Over the past month we've been publishing the results of our Fall 2010 NBCC Reads survey, in which we asked our membership and past winners and finalists for out-of-print works of fiction or nonfiction that ought to be newly republished. Here are a couple of recent responses we received (click here to read all the responses).
Janice Harayda wrote, “I'd love to see Penguin reprint How to Be Well-Versed in Poetry (Viking hc, 1990; Penguin pap., 1992), compiled by E. O. Parrott, a book that explains most of the verse forms used in the English language via hundreds of brief, witty poems that embody those forms. A poem about heroic couplets by Martin Fagg begins: 'A form with very tight parameters, / Heroic couplets use pentameters.' And a poem about the clerihew, invented by Edmund Clerihew Bentley, says: 'E.C. Bentley/Quite accidently/Invented this verse form of wit/And this is it.' How to Be Well-Versed in Poetry isn't just highly entertaining — it's a wonderful tool for teaching poetry.

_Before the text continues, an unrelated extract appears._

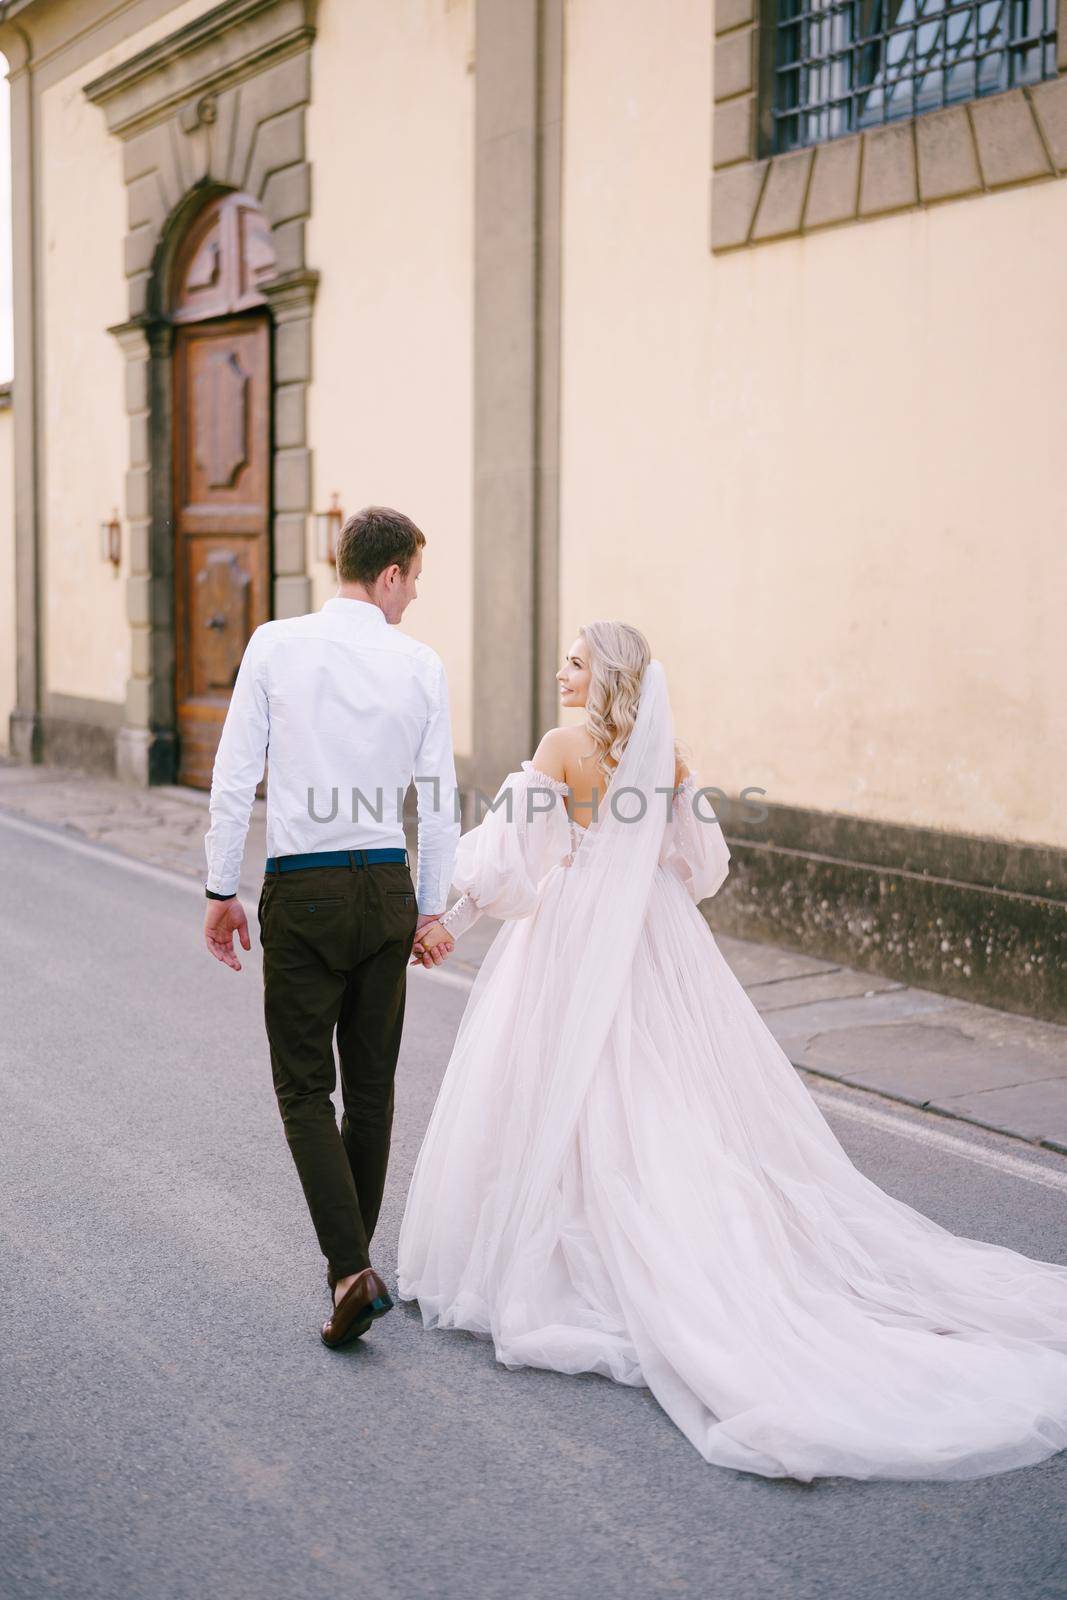 Beautiful bride and groom walking hand in hand away from the camera outside of the old villa in Italy, in Tuscany, near Florence.

“I would also rejoice if Oxford University Press reprinted its one-volume paperback edition of the complete novels of Jane Austen. There is a desperate need for a compact, one-volume paperback edition of all Austen's novels, published by anyone; Penguin has one, but it doesn't quite fill both because the trim size is too large, it's a little to heavy, and it has errors, none of which married the OUP edition. The OUP volume on Austen was part of a series, tragically out of print, that also collected all the work or the major work of other authors.”

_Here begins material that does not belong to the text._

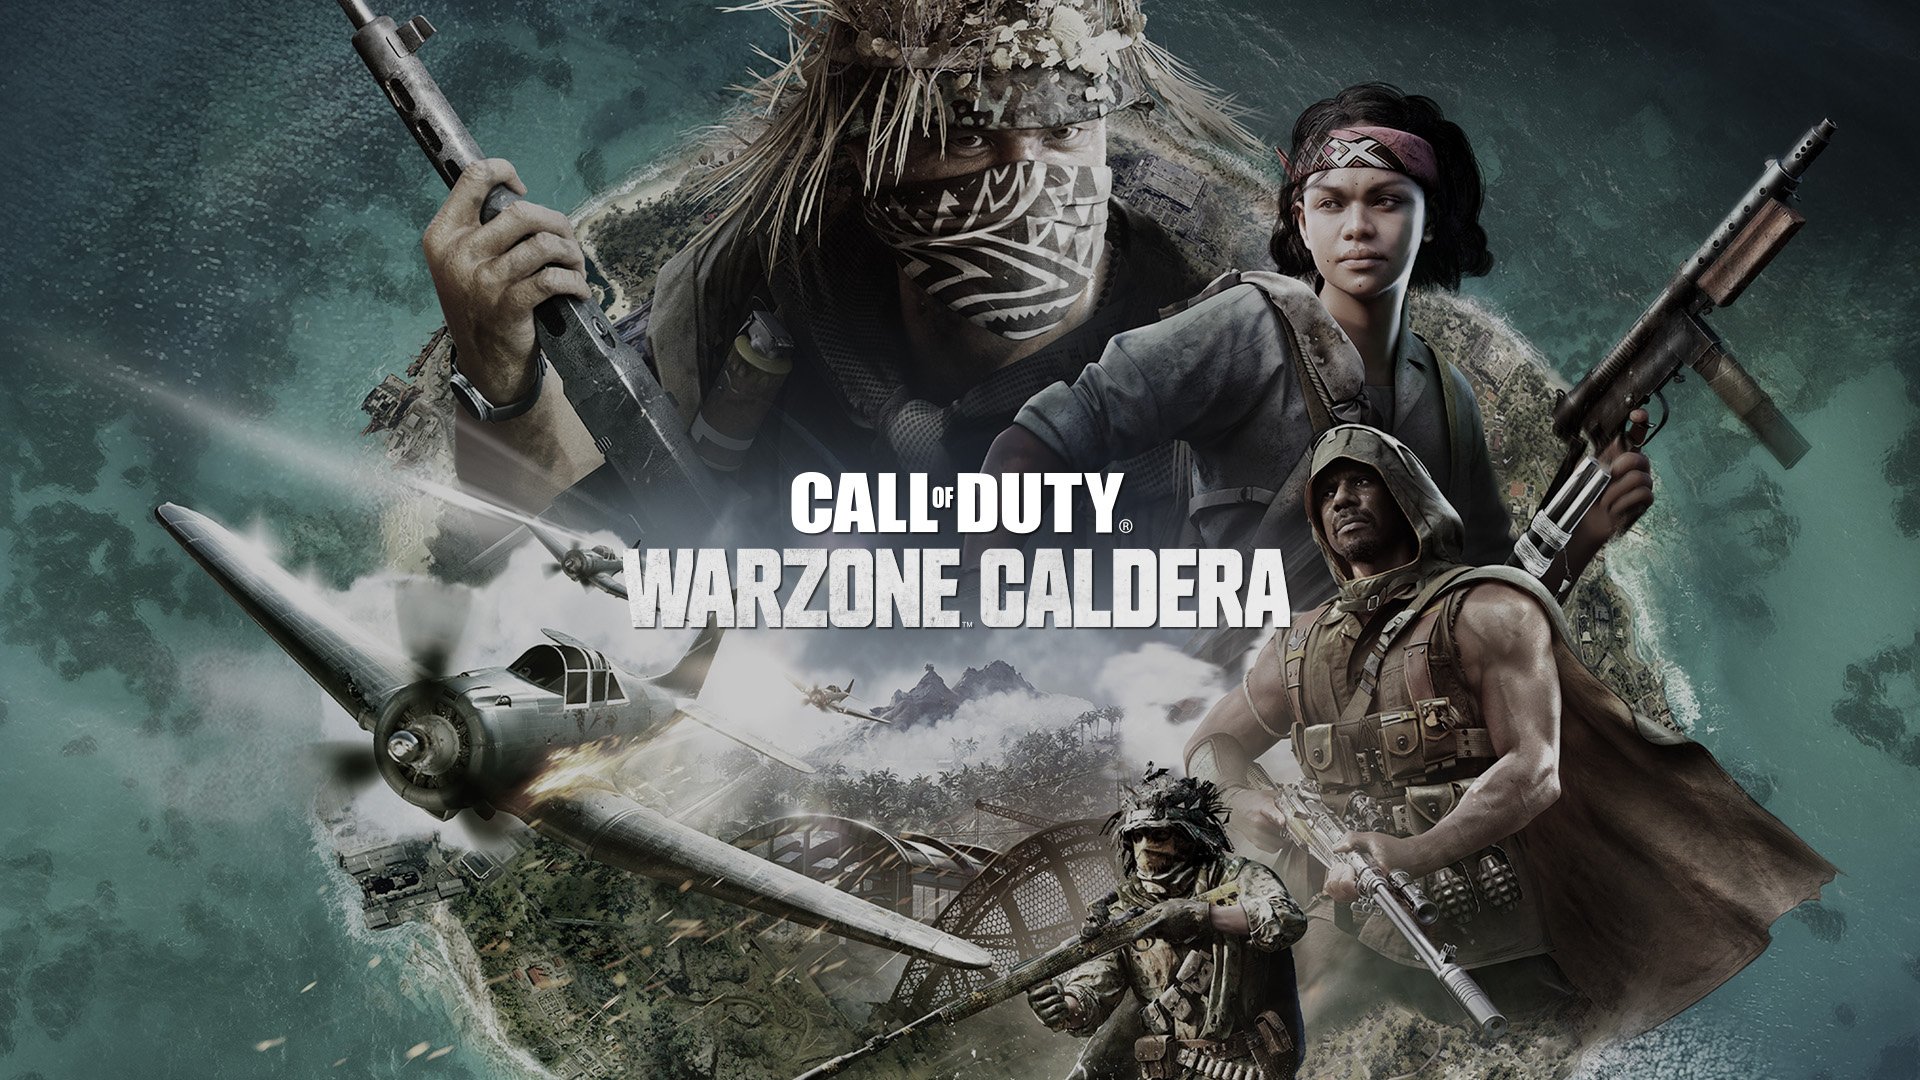 Call of Duty Warzone, Battle Royale grátis, tem online pago no

Meanwhile, NBCC member Bruce Allen wrote: “I have two suggestions: (1) Calder Willingham's great, neglected 1960 novel Eternal Fire, which did for sex in the dear old southland what War and Peace did for Russia at peace and war during the Napoleonic period; and Harvest of the Lowlands (1945), a generous anthology of literary prose written by modern Dutch authors, most of whom remain neglected or completely unknown to this day, in spite of the heroic efforts of publishers like Archipelago, Dalkey Archive, New Directions, and Open Letter, among a few others. This latter title––whose entire contents appear to be available online (who knew ?)––offers a virtual education in one of the major modern literatures; and it belongs in every self-respecting bookworm's library.”